Future-proofing and firmware-proofing. :)
In any case, are we *really* limited to 52 bits of physical memory with
5-level paging? Previously, we said we were limited to 46 bits, and now
we're saying that the limit is 52 with 5-level paging:
#define MAX_PHYSMEM_BITS (pgtable_l5_enabled() ? 52 : 46)
The 46 was fine with the 48 bits of address space on 4-level paging
systems since we need 1/2 of the address space for userspace, 1/4 for
the direct map and 1/4 for the vmalloc-and-friends area. At 46 bits of
address space, we fill up the direct map.
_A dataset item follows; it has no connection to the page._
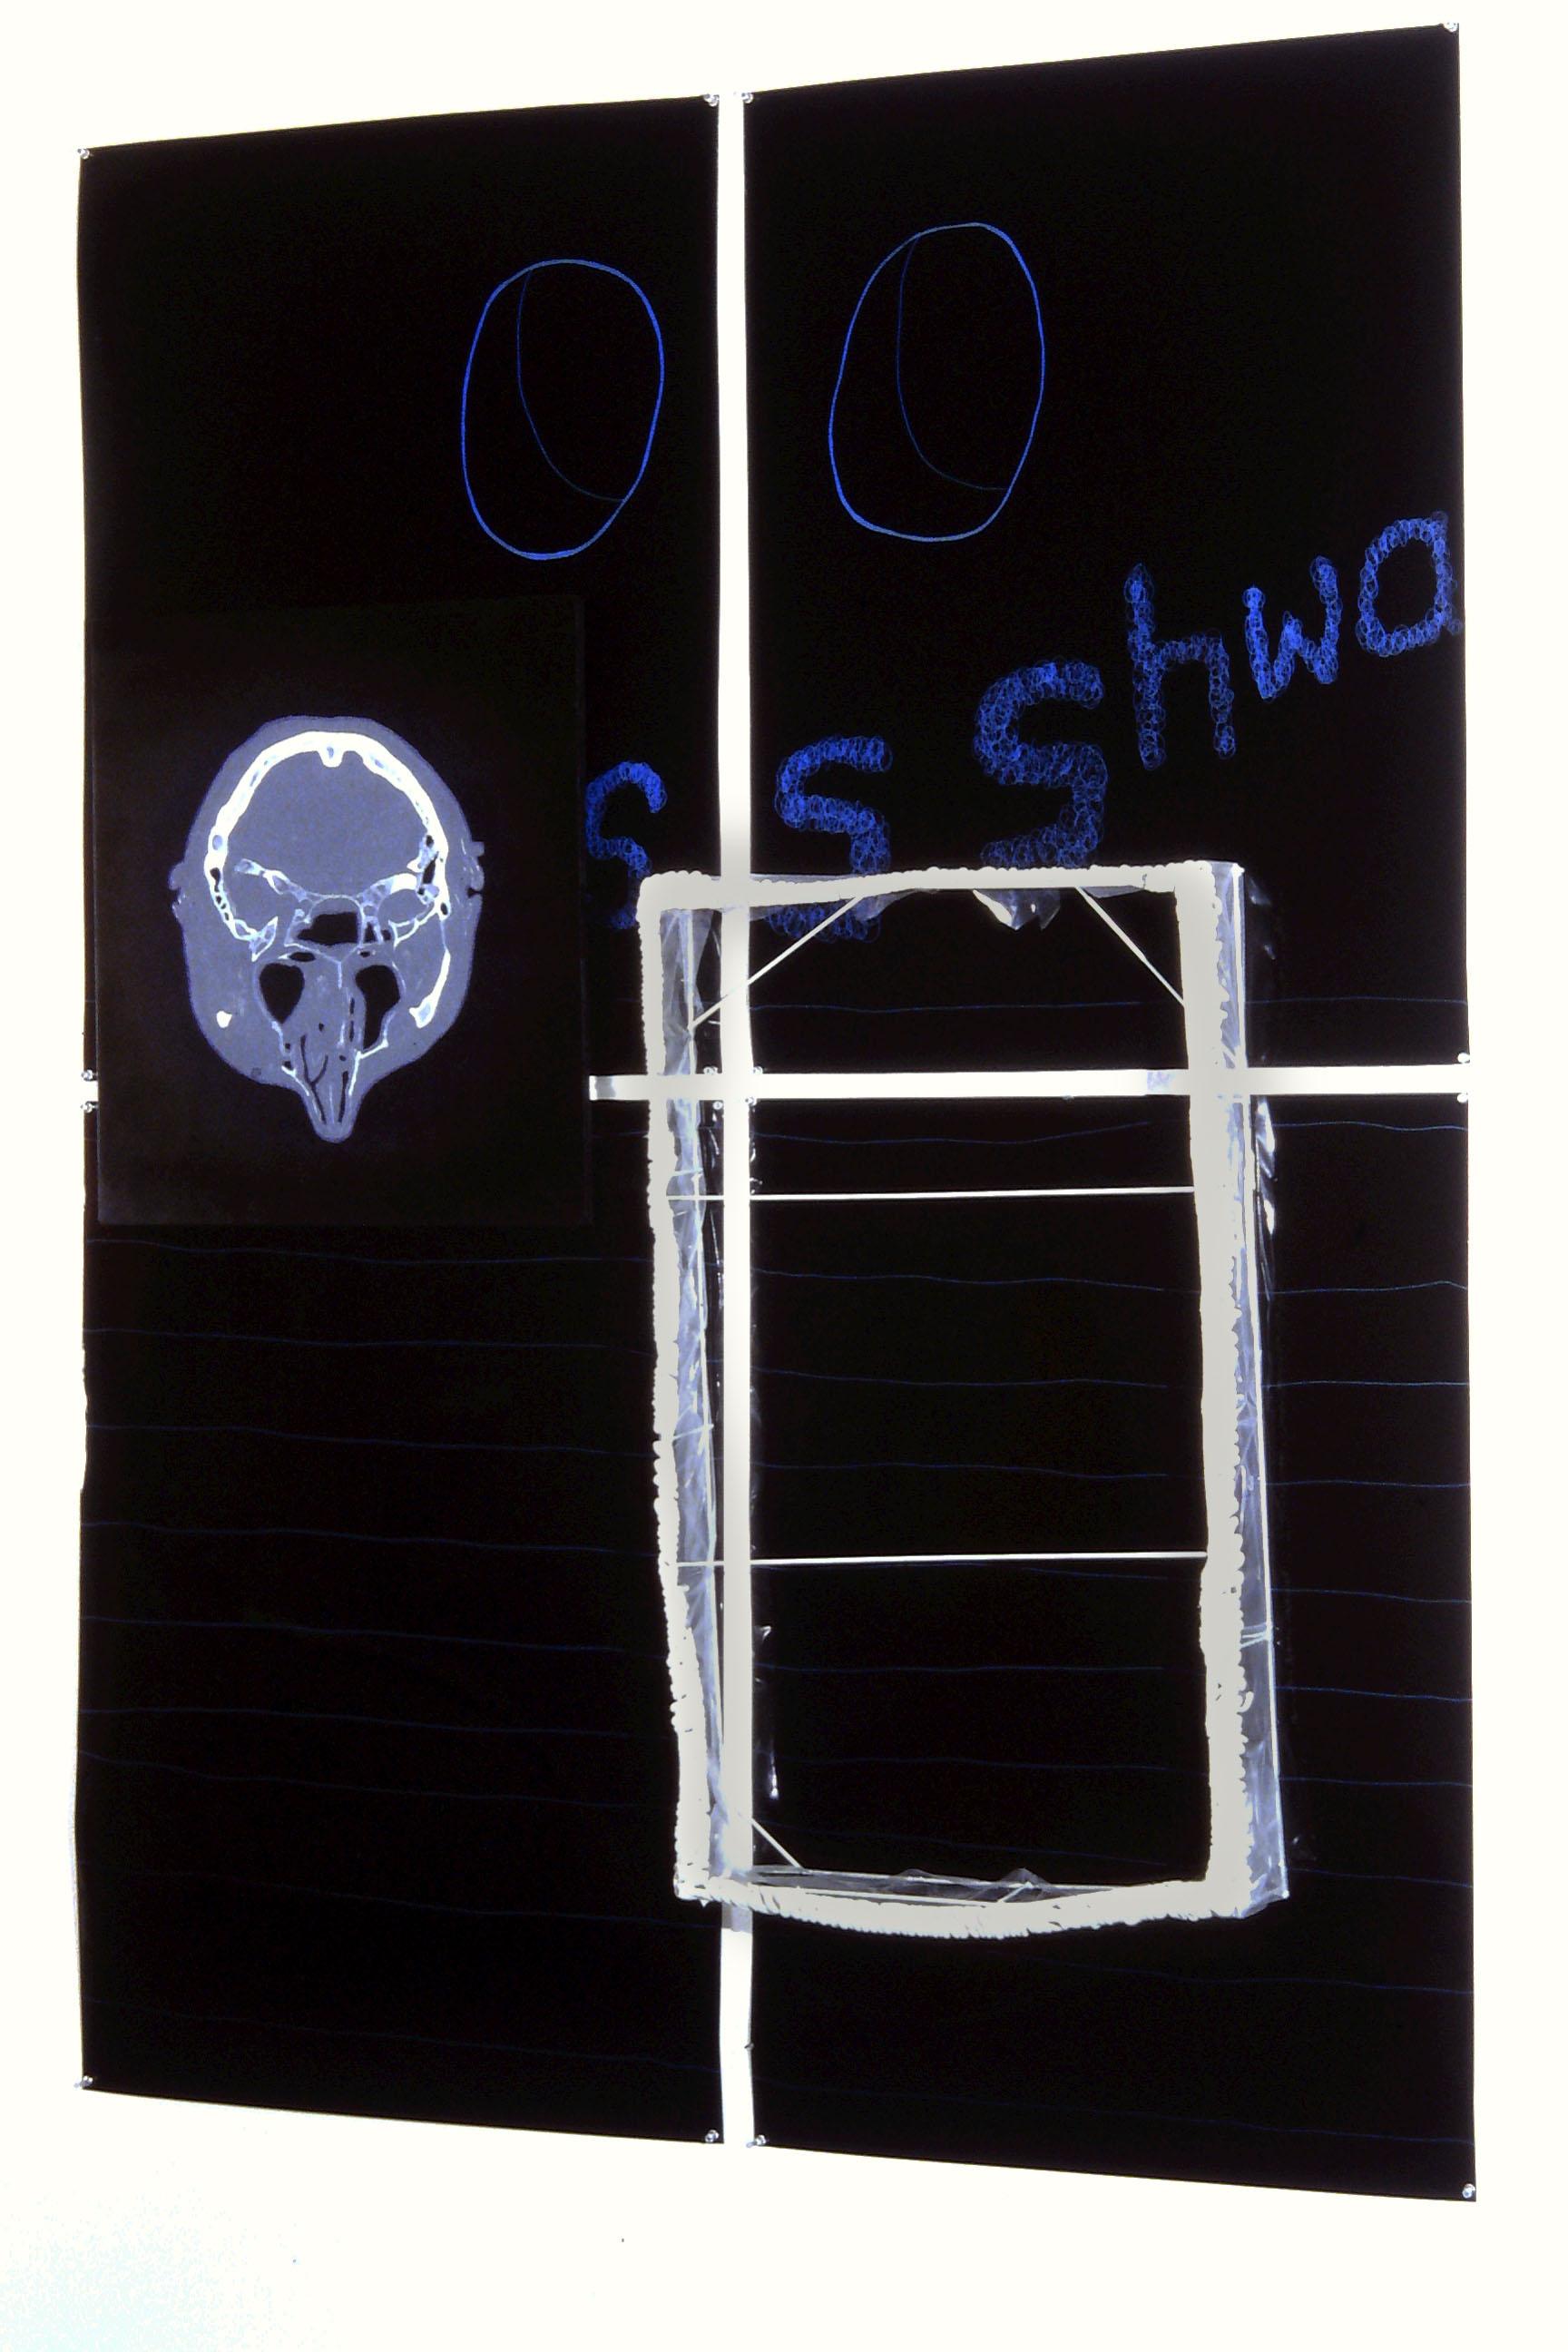 Peter_Alwast_insideout_2001.jpg

The hardware designers know this and never enumerated a MAXPHYADDR from
CPUID which was higher than what we could cover with 46 bits. It was
nice and convenient that these two separate things matched:
1. The amount of physical address space addressable in a direct map
consuming 1/4 of the virtual address space.
2. The CPU-enumerated MAXPHYADDR which among other things dictates how
much physical address space is addressable in a PTE.
But, with 5-level paging, things are a little different. The limit in
addressable memory because of running out of the direct map actually
happens at 55 bits (57-2=55, analogous to the 4-level 48-2=46).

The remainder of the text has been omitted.